You can grow food in a raised bed in Mexico too! And that’s what I’d like to share with you in this episode. Can’t you wait? 🙂

After staying in Mexico for several days, I observed that if the rains ever fell, they would be rare. If there was precipitation in the forecast, I would not even consider it to be normal rain, but rather very light and random drizzling. Such minor precipitation is not enough to help even small salad greens to grow up. I’m not speaking about good-sized vegetables yet.

Moreover, Rosa told me it won’t rain from November to April. So what can we do? Especially when she lives in a remote rural area that is disconnected from the main water system. So she regularly has to request to deliver water by the track.

She lives in a private house, and like every house in Mexico, she has a tank large enough to store a month’s water supply for the household. Whereas for drinking purposes, they purchase water in bottles.

As I learned from Rosa, buying water from delivery trucks is the second-most expensive way to receive water in Mexico; only purified drinking water in bottles costs more.

We aimed to start growing edible plants this season. Behind the house, at the back fence of the yard, I discovered a place about three by eight feet in size separated by bricks and some buckets from the rest of the garden.

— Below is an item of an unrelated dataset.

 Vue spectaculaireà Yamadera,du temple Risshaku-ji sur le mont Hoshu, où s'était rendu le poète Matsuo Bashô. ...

So I decided to use that space to create a raised bed there for the following three reasons:

  1. It will be an experiment with small-scale gardening, so imagine it as a sandbox to play in. If no veggies thrive there, no big deal;
  2. After leaving for Canada at the end of my gardening vacation, I hope that Rosa will have easier access for thinning the plants, weeding if necessary (hopefully not as much 😉 ) and harvesting or course;
  3. And the most important: since we are dealing with dry weather, she would have to water the garden as little as possible.

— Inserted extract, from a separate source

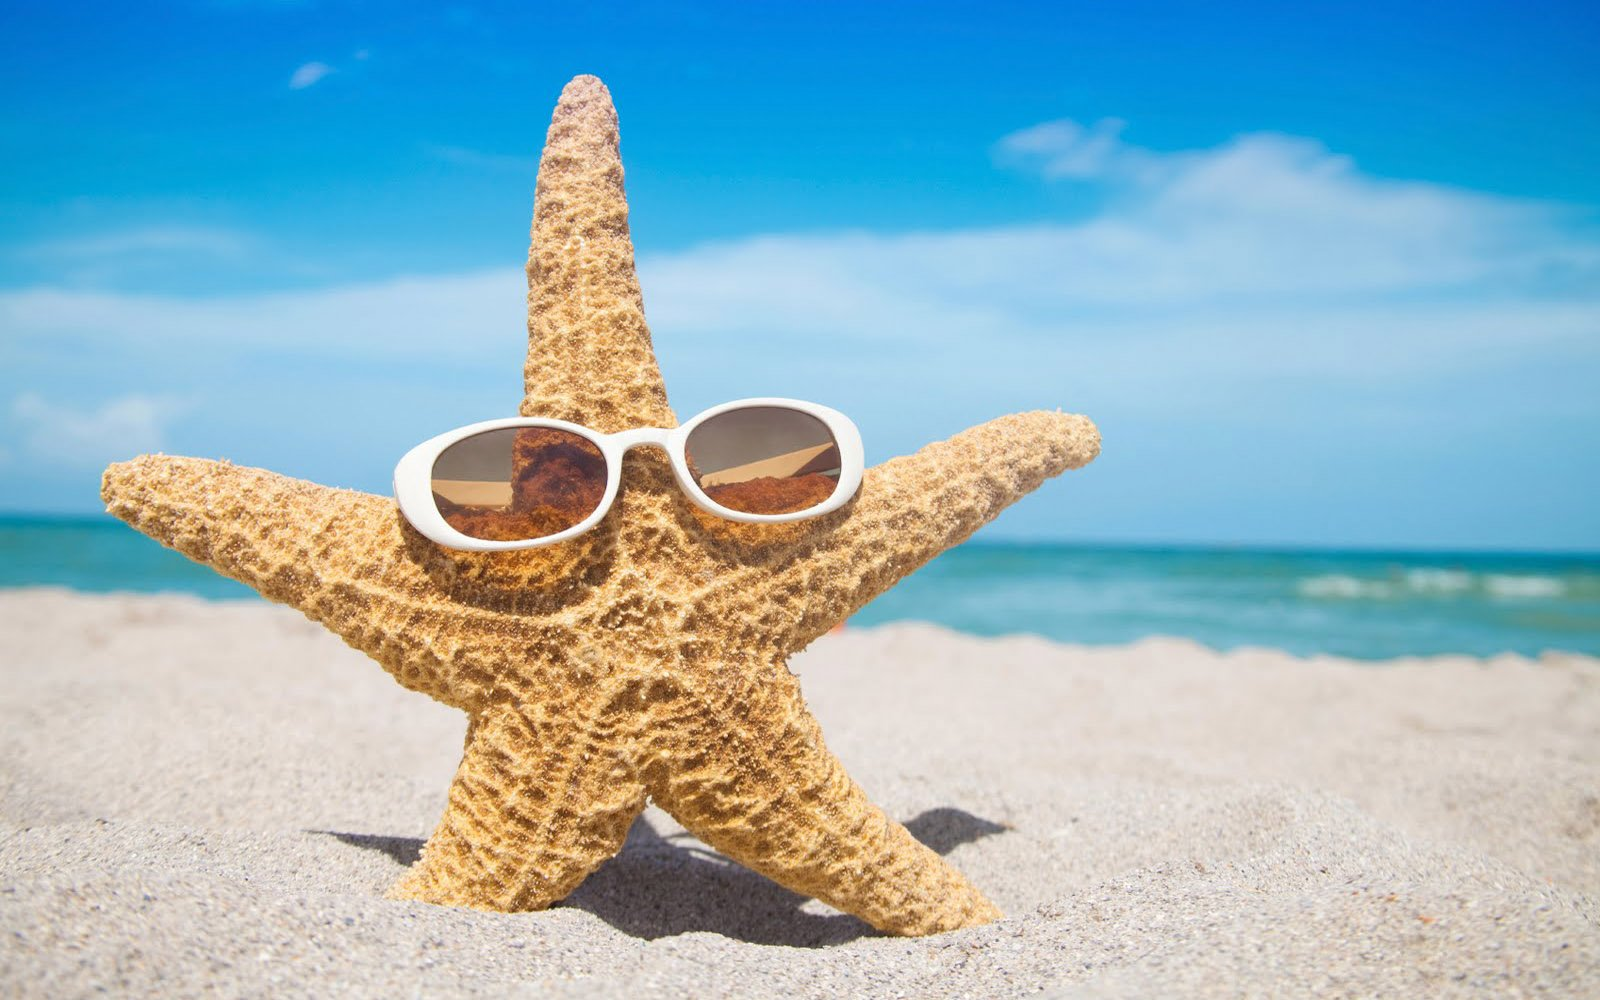 Любимому парню, красивые смешные картинки с морем

If you don’t grow food in a raised bed, I will explain in simple terms so that you might build one in your food garden. It’s simply a box filled up with gardening soil above ground level. You can build such a box with dimensions that you can calculate this way:

  • Set the length to fit a certain number of plants to grow in. 
  • Choose the width so that you can reach any plant without tension. The distance between the tips of your fingers and your nouse is about 3 ft when your arm is extended out to the side. Thus you will truly appreciate the width of a 3 to 5-foot bed where you will be able to fertilize, plant, weed out (if necessary), and harvest from each side with relative ease and without walking on the bed. When you work with a 3-5 ft width, you also allow a good mini-climate to develop between closely spaced plants. However, you might wish to use a narrower bed, 1.5 to 2.5 ft wide, for plants supported by stakes, such as tomatoes, pole beans, and peas, for easier harvesting.
  • And finally, set up the height as it fits your gardening style. You can make it as low as you’d be ok leaning down or as high as standing with the top of the bed reaching your beltline.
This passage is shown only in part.